Table 1. Association of demographic factors with TB screening results among household contacts of smear-positive index cases (n=437).
Variable Screening Result: HIGH Screening Result: LOW Total χ² (df) p-value
Age group 16.61 (5) 0.005*
0–4 yrs 35 (12%) 6 (4%) 41 (9%)
5–14 yrs 70 (24%) 29 (20%) 99 (23%)
15–24 yrs 45 (16%) 30 (20%) 75 (17%)
25–44 yrs 66 (23%) 51 (35%) 117 (27%)
45–64 yrs 46 (16%) 24 (16%) 70 (16%)
65+ yrs 27 (9%) 7 (5%) 34 (8%)
Gender 0.41 (1) 0.523
Female 145 (50%) 79 (54%) 224 (51%)
Male 145 (50%) 68 (46%) 213 (49%)
Screened status 1.54 (1) 0.215
Yes 290 (100%) 145 (99%) 435 (100%)
No 0 (0%) 2 (1%) 2 (0%)
Percentages are calculated within each screening category (HIGH/LOW). χ² values represent Chi-square tests of independence with corresponding degrees of freedom. A p-value < 0.05 was considered statistically significant. In this analysis, only age group showed a significant association with screening outcome, indicating that younger children were more likely to be classified as high risk.
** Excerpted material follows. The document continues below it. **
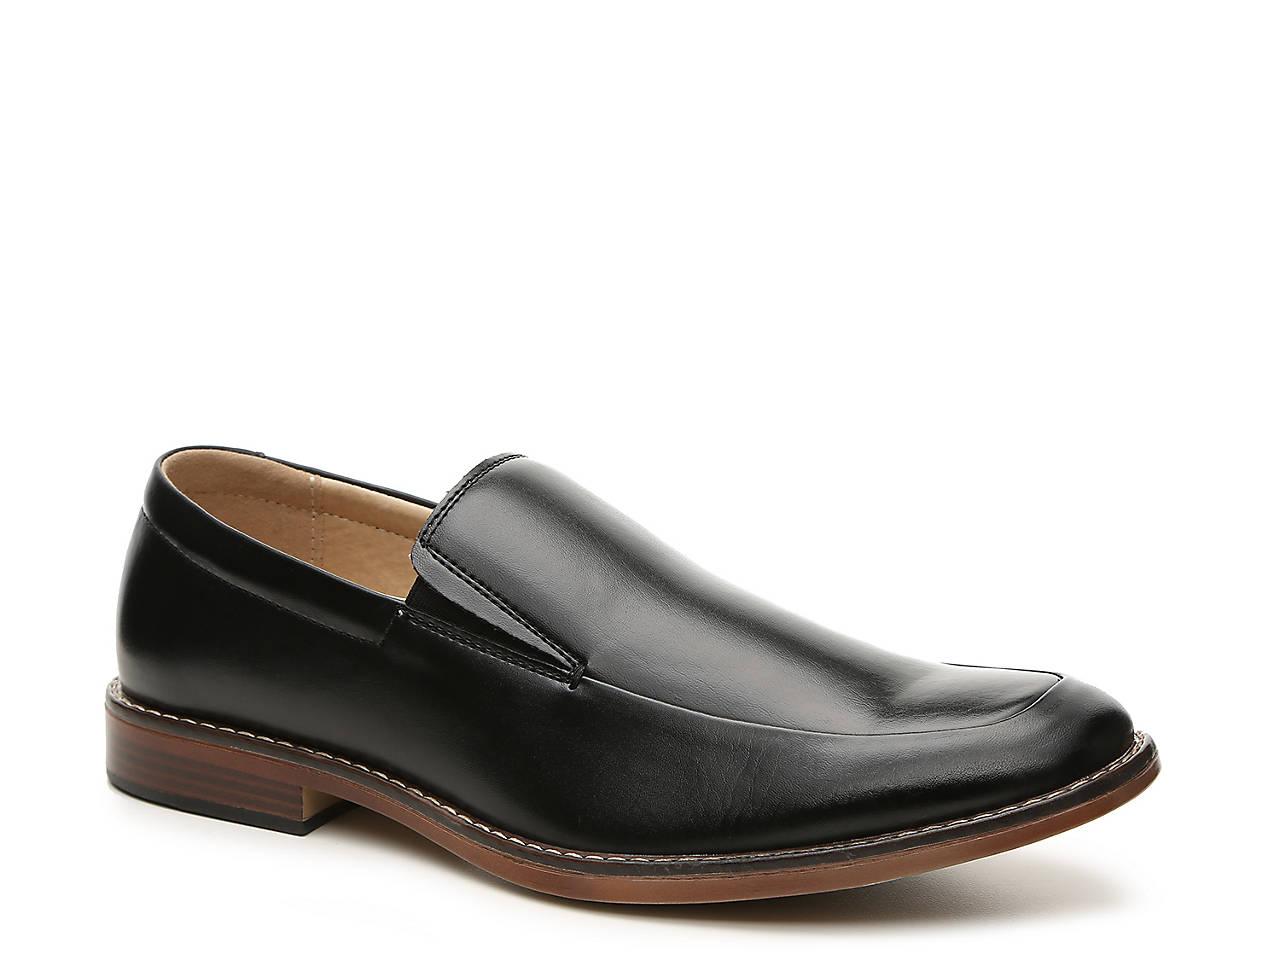 ba4d84748bc Madden Grant Loafer Men s Shoes

The circular network visualization in Figure 1 illustrates the distribution of TB screening outcomes across the top 20 families of smear-positive index cases. Each family is represented by a blue node. Edges connect families to outcomes, with thickness proportional to the number of contacts in that category. The visualization demonstrates substantial clustering of high-risk contacts, as many families show thick connections to the HIGH node, indicating that vulnerability tends to occur at the household level rather than in isolated individuals. Conversely, some families connect predominantly to the LOW node, reflecting relatively low-risk environments, while others show mixed connections, suggesting heterogeneity within households. This balance of outcomes may reflect differences in household age structure, prior exposure, or preventive interventions. Importantly, the network highlights “hotspot families” with large numbers of high-risk contacts, providing a clear basis for prioritizing targeted interventions such as contact tracing, TB preventive therapy (TPT), and enhanced follow-up.
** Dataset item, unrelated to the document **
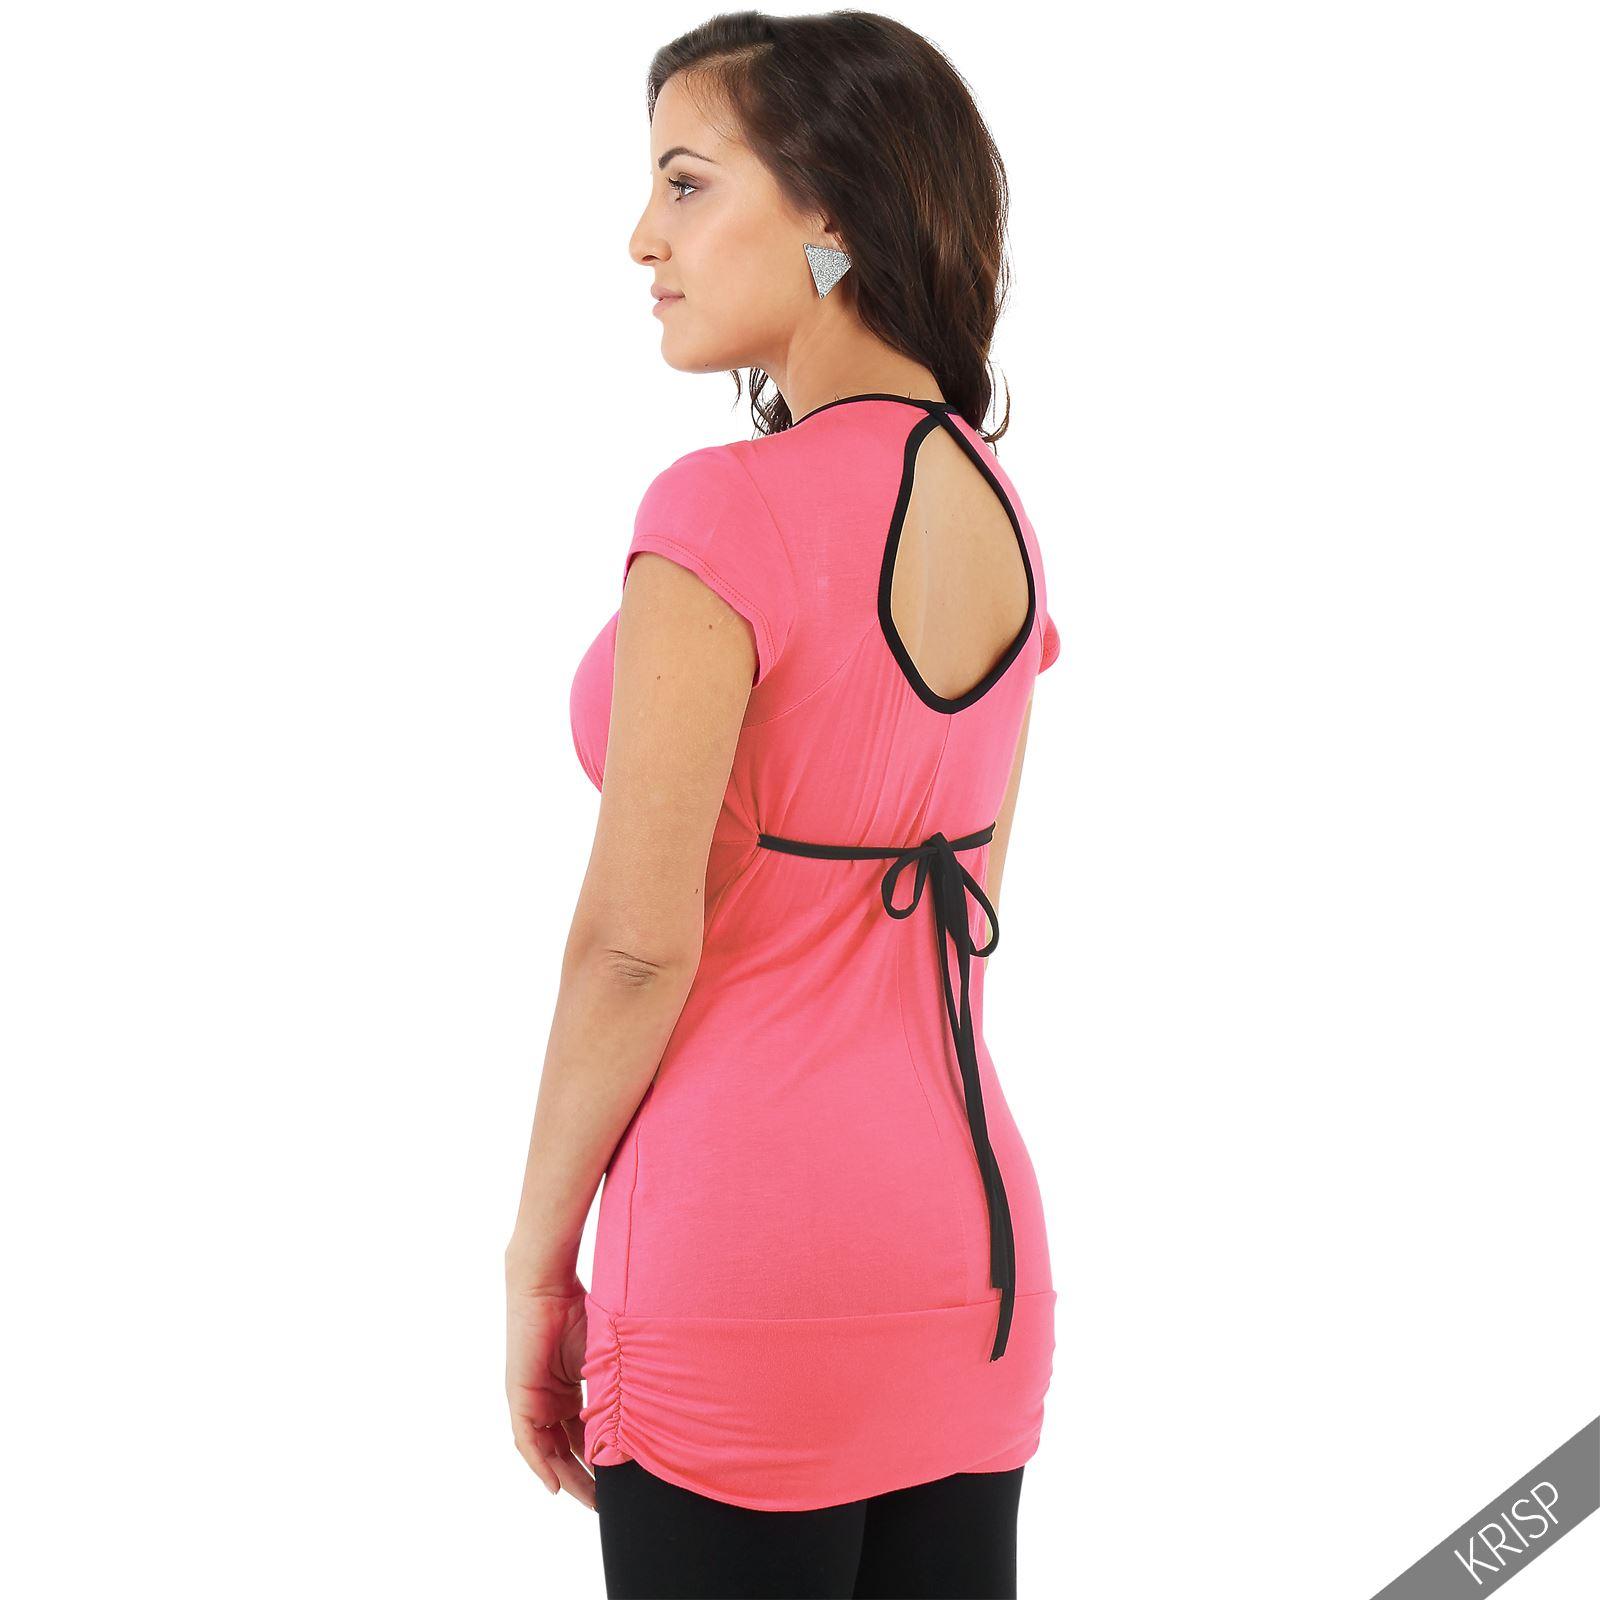 Haut à la coupe très féminine, délicatement ouvert dans le dos et noué au cou. Ce top peut se faire en version dos-nu ou plus sage avec un zip plus long qui recouvrira le passage de la lingerie.

The clustered heatmap of the top 20 families in Figure 2 revealed clear grouping patterns based on demographic structure and screening outcomes. Columns represent total contacts, mean age, gender distribution, and high/low-risk classifications. Color intensity reflects normalized values (0–1), with clustering highlighting household “hotspot groups” characterized by large size, younger age, and high proportions of high-risk contacts. Families with large household sizes, younger mean ages, and a high proportion of high-risk contacts clustered together, highlighting distinct “hotspot” groups where transmission risk is concentrated. A second cluster comprised mixed-profile households, typically of moderate size with both high- and low-risk outcomes, reflecting heterogeneity within families. A third grouping included smaller, older households with predominantly low-risk contacts, indicating lower vulnerability. The color intensity across variables emphasized these differences, with red-shaded cells corresponding to higher normalized values (e.g., more contacts or greater high-risk burden) and blue-shaded cells indicating lower values (e.g., older mean age or more low-risk outcomes). This clustering analysis demonstrates how family-level characteristics coalesce to shape TB vulnerability and offers a framework for prioritizing interventions at the household group level rather than on an individual basis.
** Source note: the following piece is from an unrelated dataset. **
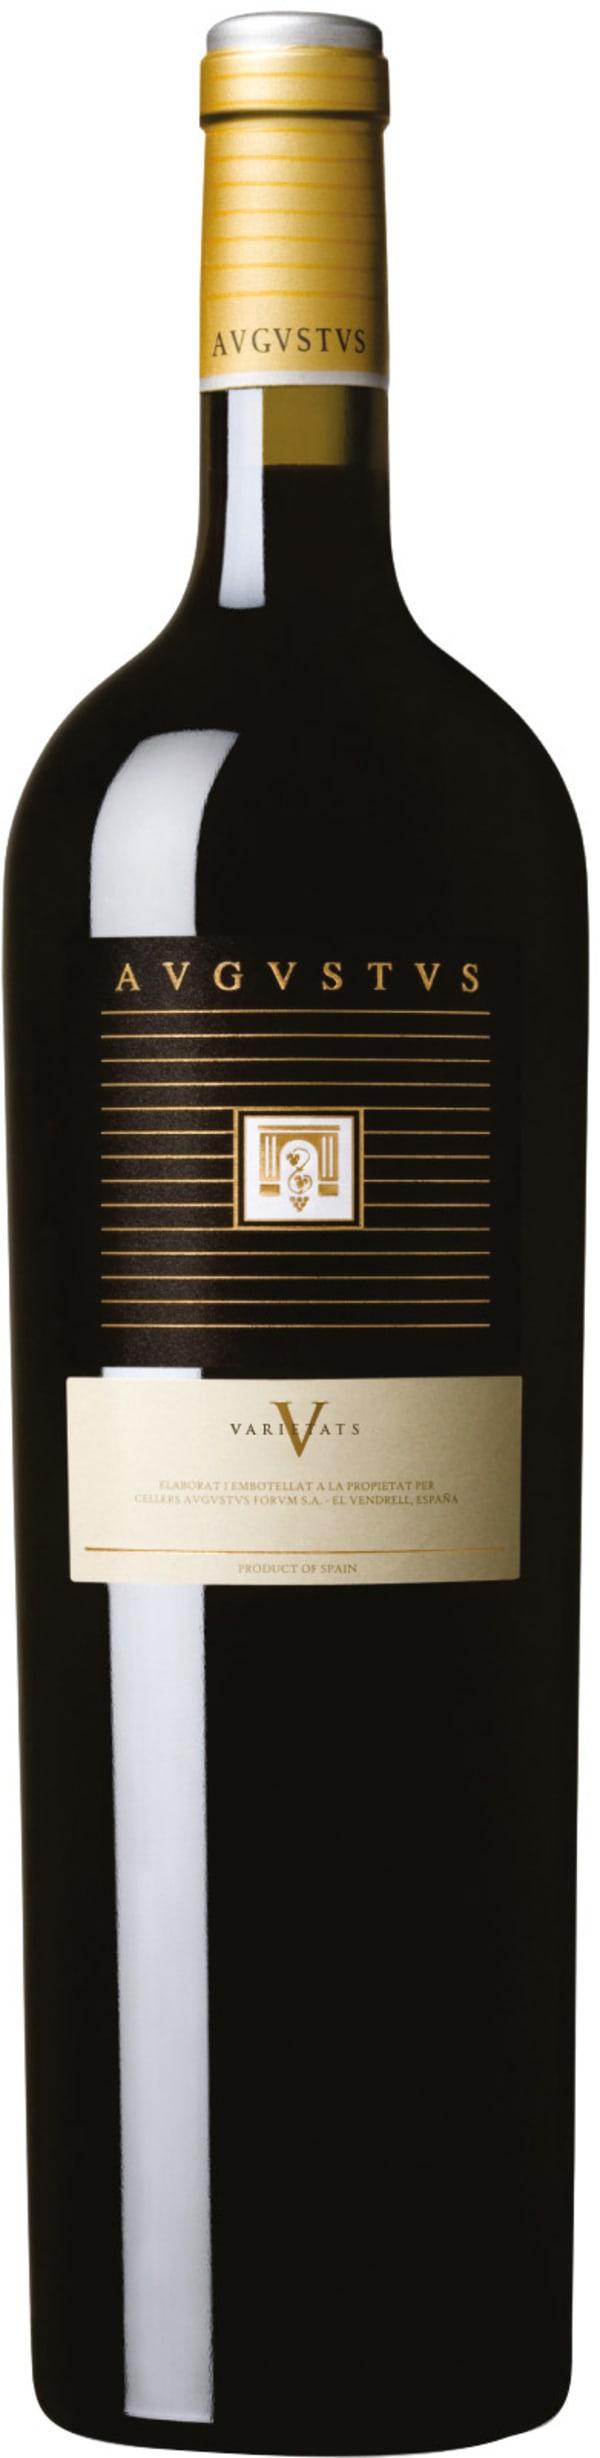 Avgvstvs VI 2011

Using penalized logistic regression with Family 1 as the reference category, several households demonstrated markedly higher odds of high-risk classification among contacts (Figure 3). Families with exclusively high-risk outcomes, such as Family 48 (11/11 high risk), Family 150 (8/8), Family 60 (8/8), and Family 149 (8/8), showed elevated odds ratios compared to the reference, although estimates were imprecise with wide confidence intervals due to quasi-separation of outcomes (e.g., Family 48: OR=3.33, 95% CI: 0.34–32.97, p=0.303). In contrast, some families such as Family 4 (0/7 high risk) and Family 181 (0/5 high risk) had significantly lower odds compared to the reference (Family 4: OR=0.06, 95% CI: 0.01–0.58, p=0.016; Family 181: OR=0.08, 95% CI: 0.01–0.93, p=0.044). These findings highlight a clear pattern of household-level clustering of risk, where certain families are disproportionately comprised of high-risk contacts while others show relative protection. The analysis underscores the utility of family-based risk stratification for prioritizing targeted interventions such as preventive therapy and intensified follow-up.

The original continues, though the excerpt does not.